È passato poco più di un mese da quando il grande coltello della legge faceva a fettine LimeWire, uno dei software P2P più popolari negli scorsi anni. Quando la Recording Industry Association of America (RIAA) otteneva da un giudice di New York la probabile condanna a morte del servizio di sharing fondato da Mark Gorton. E proprio a partire da quella spremitura , le varie case discografiche statunitensi avevano richiesto danni per un valore di oltre un miliardo di dollari . Fino all’ultima goccia di LimeWire.

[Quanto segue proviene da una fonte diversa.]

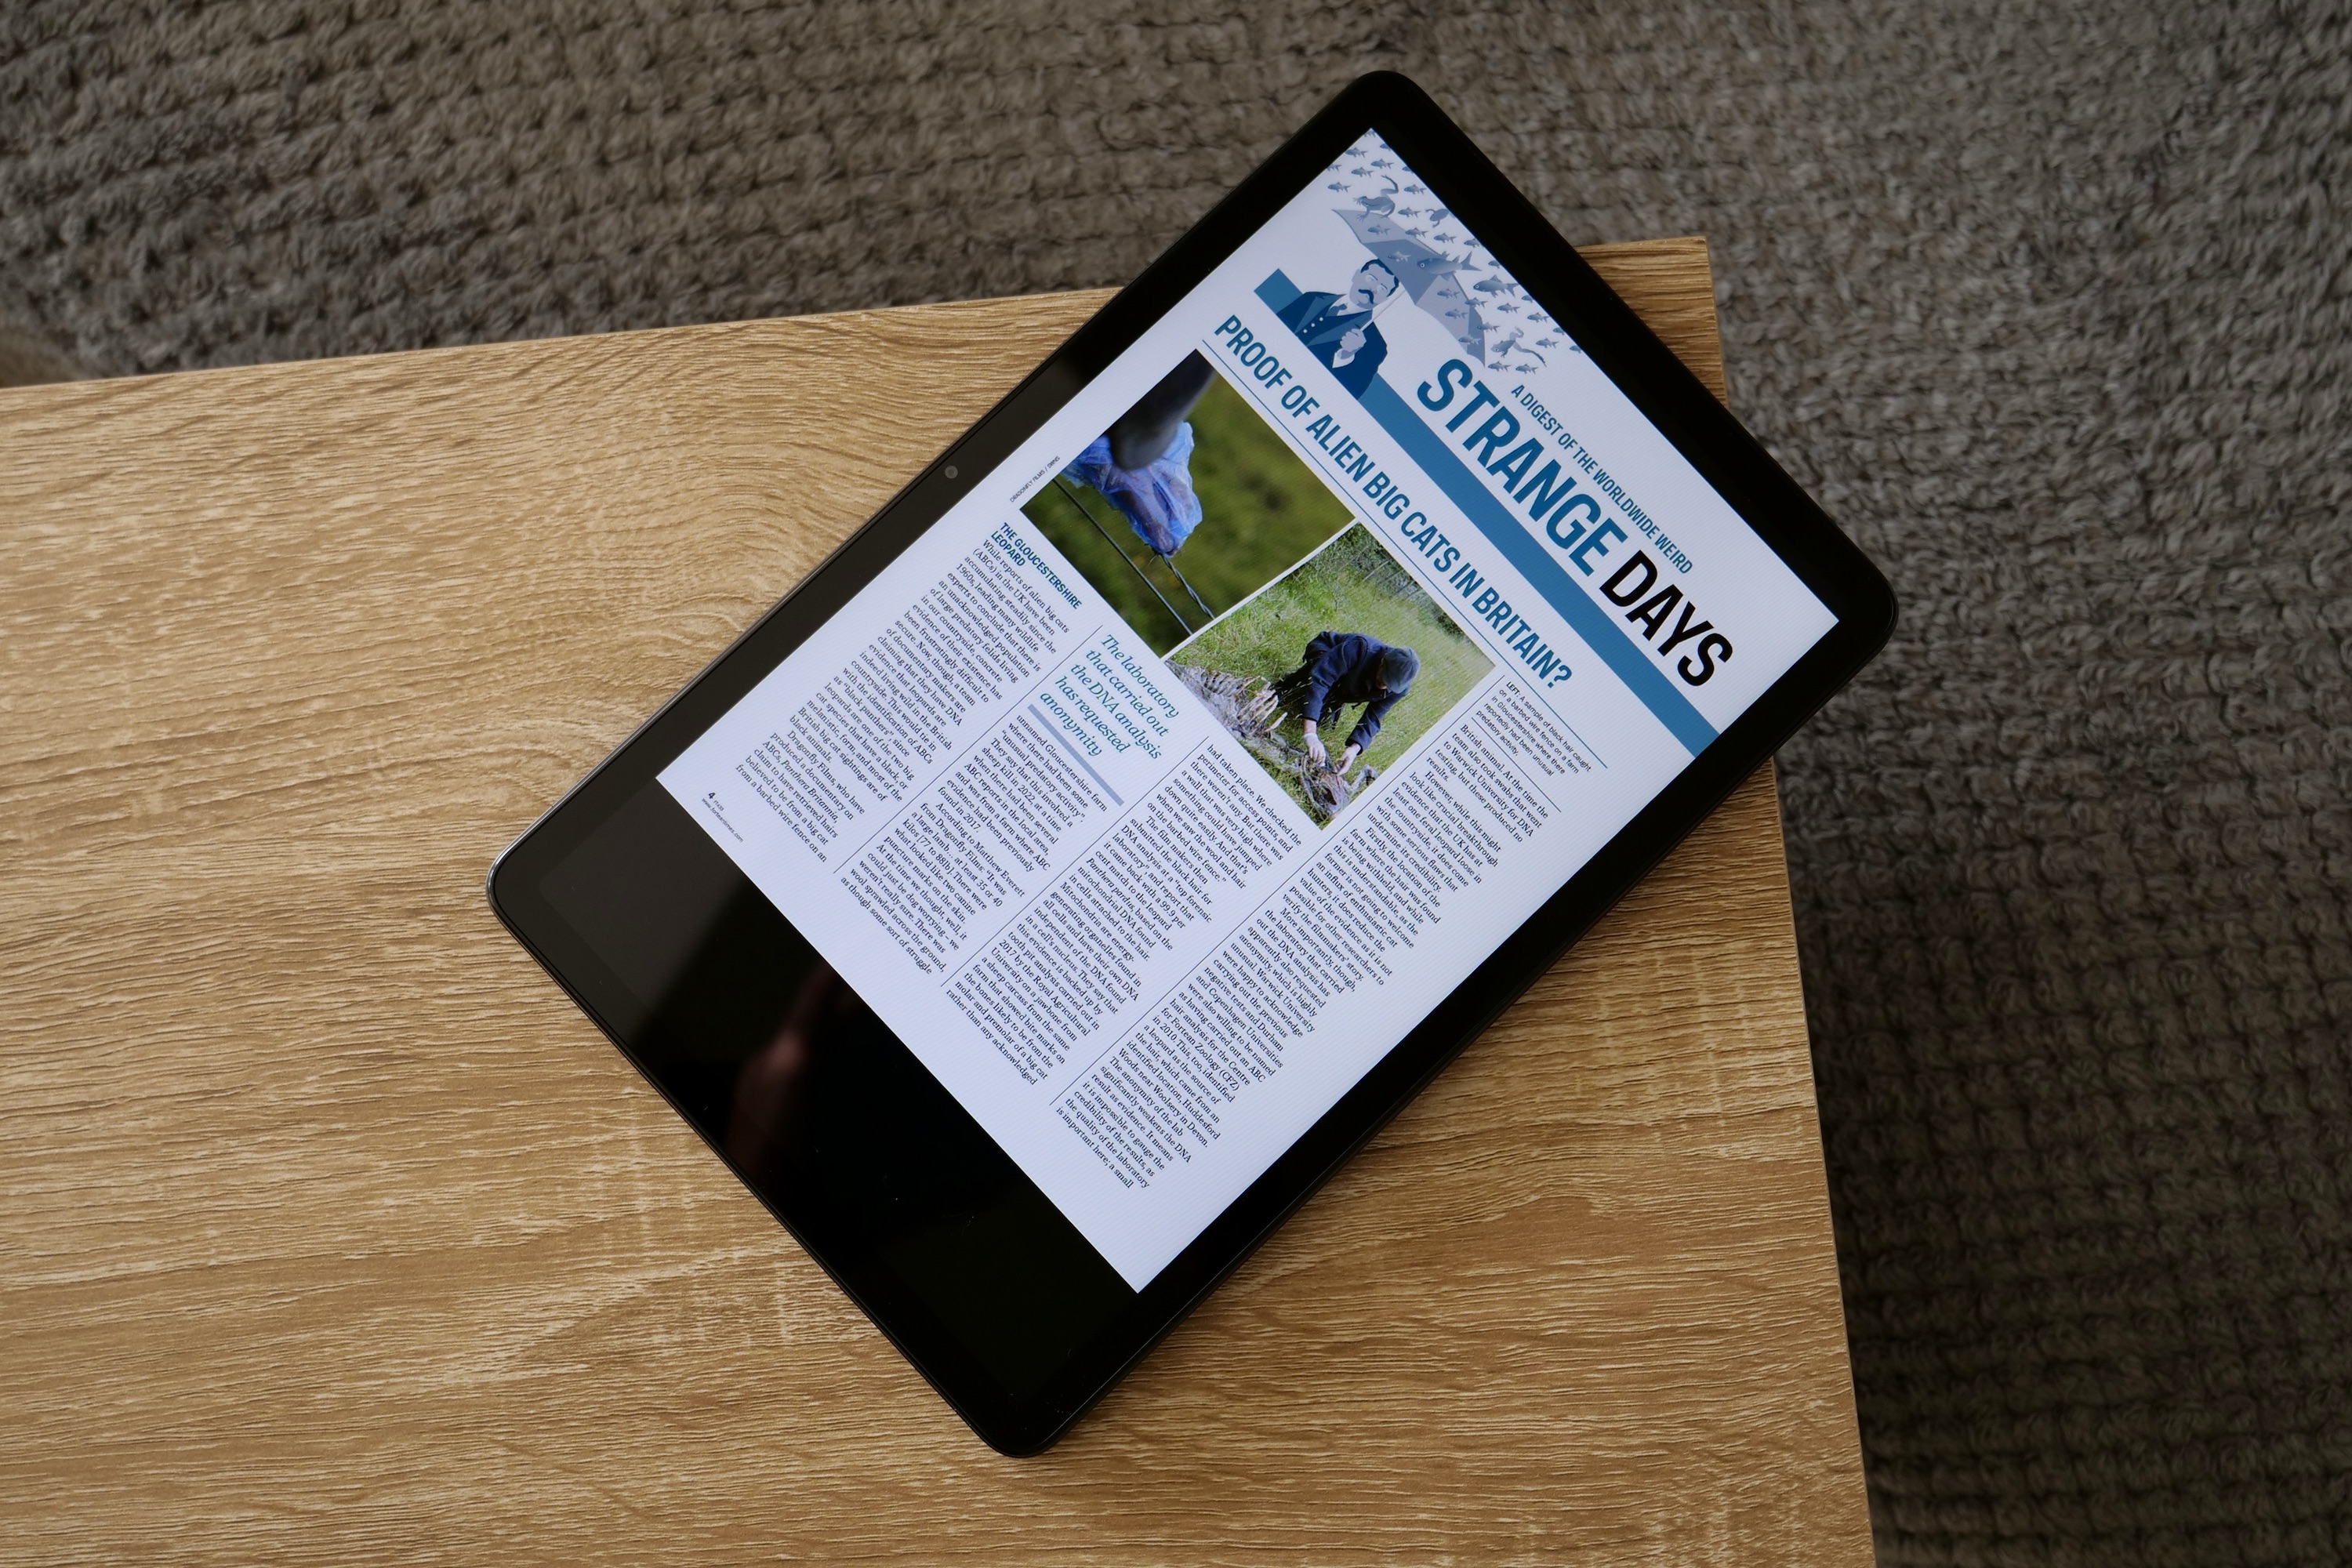 The Amazon Kindle Fire Max 11 showing a magazine on screen.

Ma la catena legata all’industria del disco non prevede soltanto gli interessi degli artisti intesi come performer . Ci sono anche i cosiddetti songwriter , autori e compositori .
Che hanno dunque pensato bene di unirsi alla battaglia legale contro LimeWire, rappresentati dalla National Music Publisher Association (NMPA). Otto music publisher a stelle e strisce, tra cui Sony/ATV, Universal e Warner/Chappel, si sono appellati ad una corte distrettuale di Manhattan, denunciando il servizio di Gorton per una violazione del copyright su larga scala .
Ma non si tratterebbe affatto di una strategia per salire sul classico carro dei vincitori, almeno secondo il CEO di NMPA David Israelite. Bensì di richieste legittime, affinché vengano riparati i torti subiti da centinaia di migliaia di autori e compositori, legati a circa 2500 music publisher .
“La violazione facilitata da LimeWire – ha spiegato Israelite – come da altri servizi simili, comporta delle evidenti conseguenze per tutti i protagonisti della catena musicale”. Parole accolte con attenzione dallo stesso servizio di sharing, che ha ancora una volta sottolineato come siano attualmente al vaglio ipotesi di trasformazione in un servizio musicale legale .
“Abbiamo avuto alcuni fruttuosi incontri con le etichette, così come con gli editori e gli stessi artisti – ha spiegato un portavoce di LimeWire – Abbiamo parlato di un nuovo servizio musicale e di un modello di business che compenserà l’industria tutta”.